That said, I agree that market collapses do offer opportunity, but we need to be smart about them and keep ourselves within our overall investment strategy. We can’t wake up one morning and decide we’ll become a derivative trader by the afternoon. If we try it out by the evening, we’ll be broke, having lost our money in record time.

Personally, I got the first three collapses completely wrong and made every mistake in the book. I’d panic and sell. I’d buy but get scared at the share price’s next leg down, exiting the positions. After the dotcom collapse it took me forever to work up the courage to buy again.

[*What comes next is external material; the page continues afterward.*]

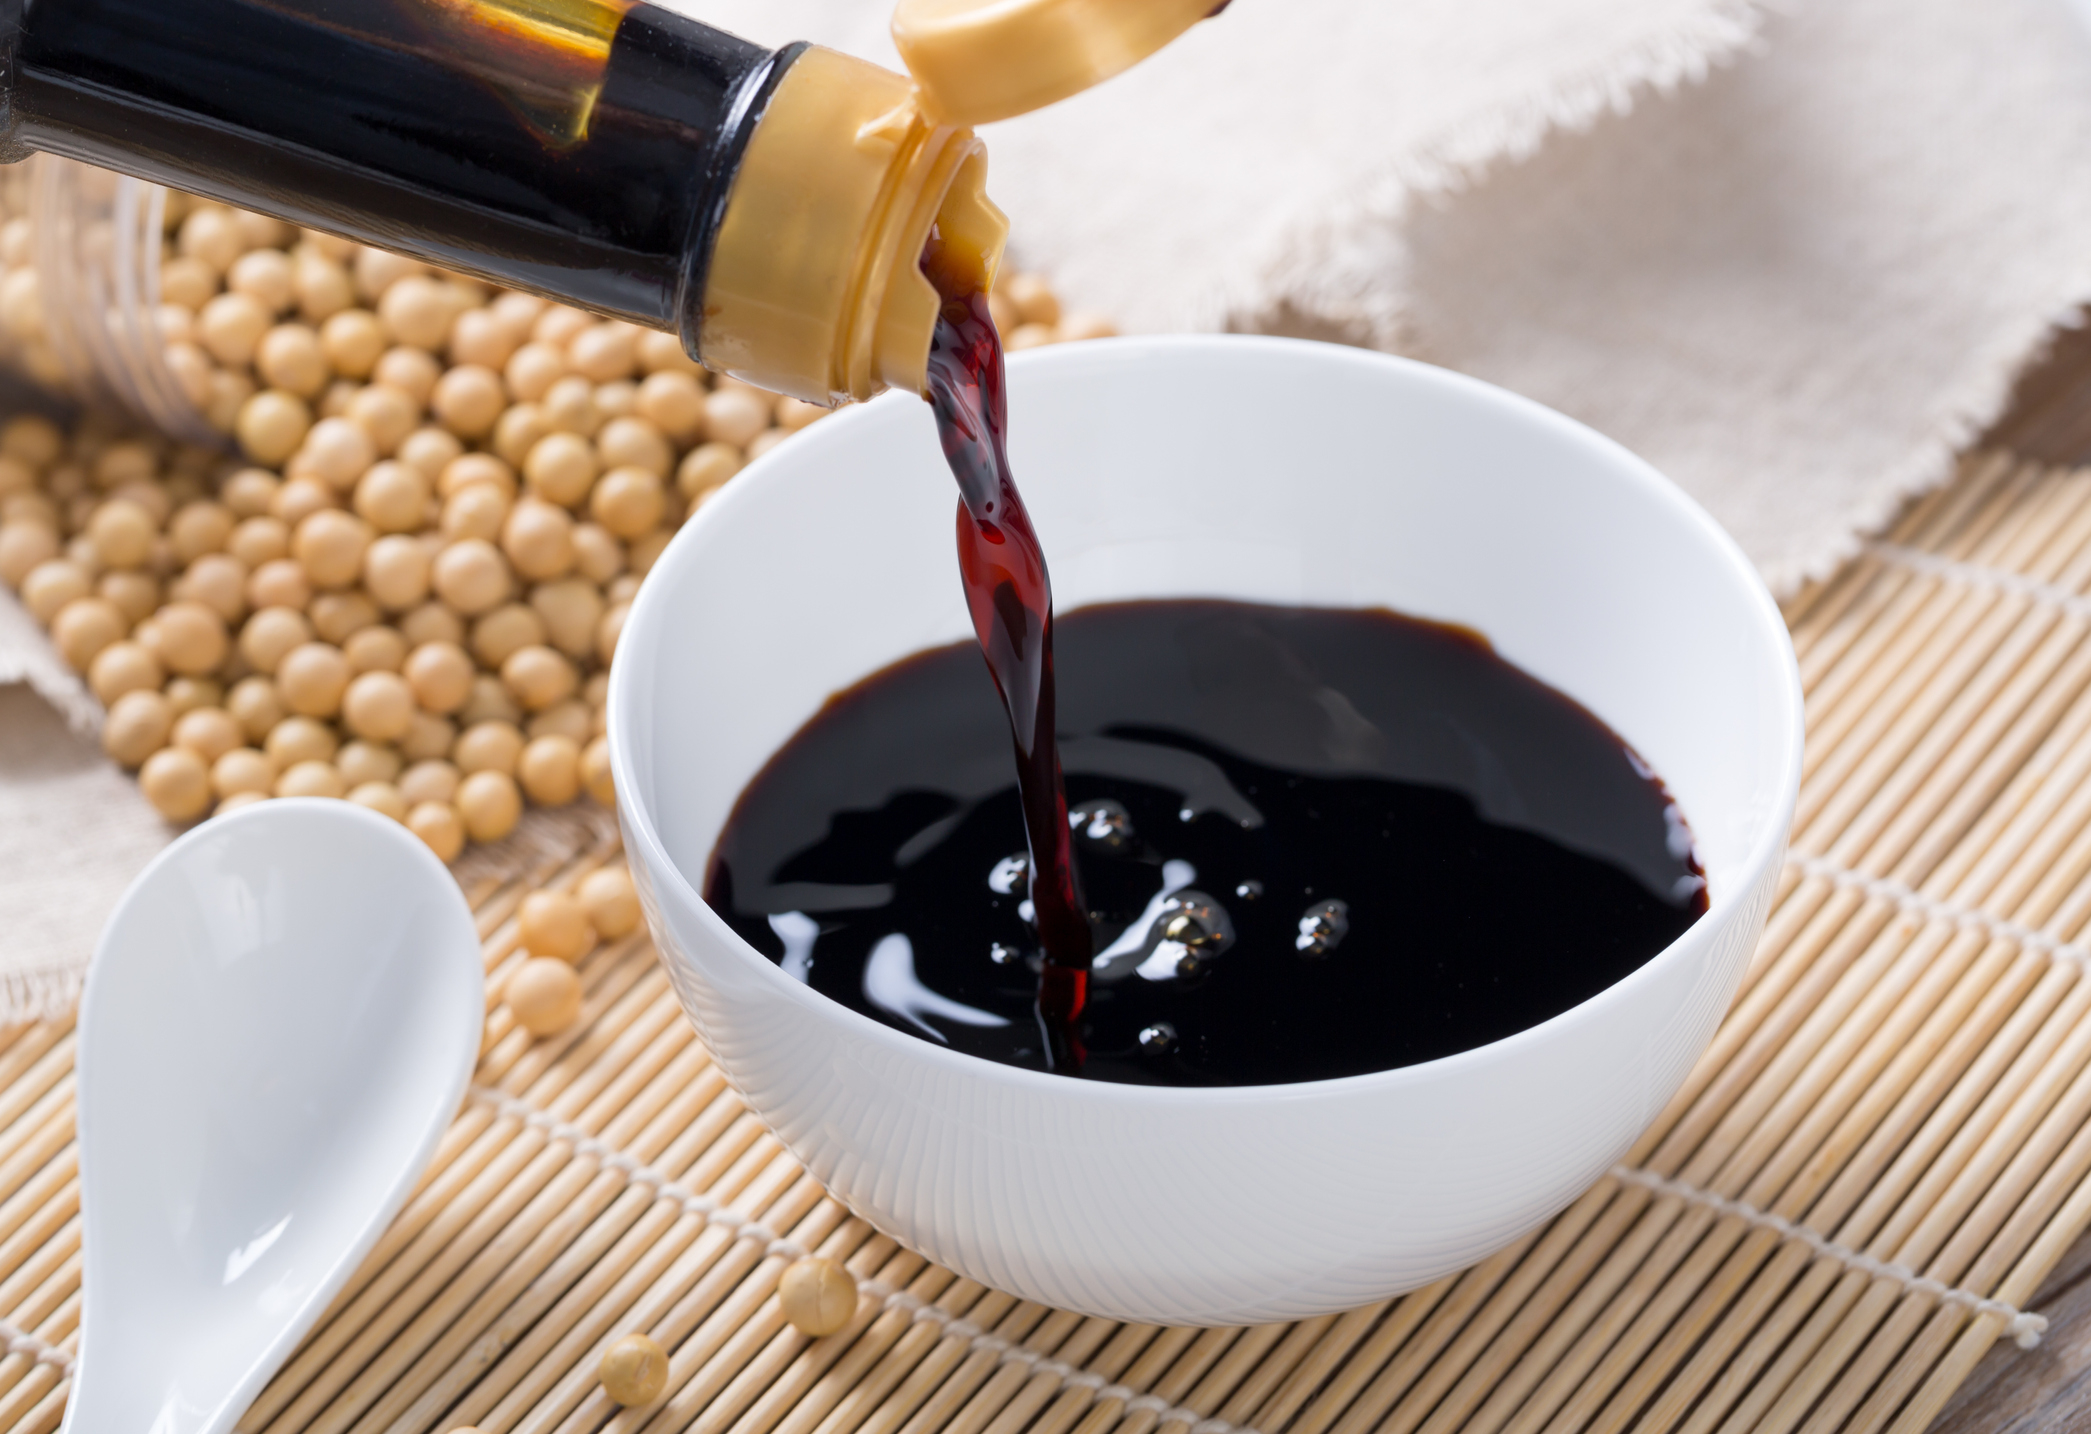 soy sauce being poured into a small bowl

Finally, in the 2008-2009 collapse I managed a decent job with my investments buying equity and ETFs in blocks every three months from September 2008 to March 2009 and holding on to them. This made me realise I needed a proper “collapse strategy” that would sit ready and waiting for the next collapse, and it’s been a long wait – but investing is about patience.

So now my strategy is simple. When the market moves down by more than 20%, I double my monthly purchase of ETFs: I’ll keep buying the same ETF I do every month, but just spending twice as much. Because markets are cheaper and are offering what I’d call a sale, I get more bang for my buck. I keep these double-sized purchases going until the market makes new highs once more, which will likely be in a couple of years.

There is of course the risk that I run out of money to make the double purchases, but I always have an overly chunky emergency fund that I can take a limited amount of cash out of. I can also just simply eat out less.

On the equity side I’m a lot more circumspect. We’re going to see a lot of bankruptcies and, while I have an idea which stocks are at risk, there will be some left-field companies going bust that I would never have expected. 

So here I am waiting for at least six months before I’ll start looking at new stocks to add to my portfolio. This gives me time to check some results to gauge the true impact of the crisis on a company. It also means I am not buying stocks at the bottom, but that’s fine. 

FOMO has lost investors more money than it has made them, and I prefer the better risk-reward ratio that comes from waiting.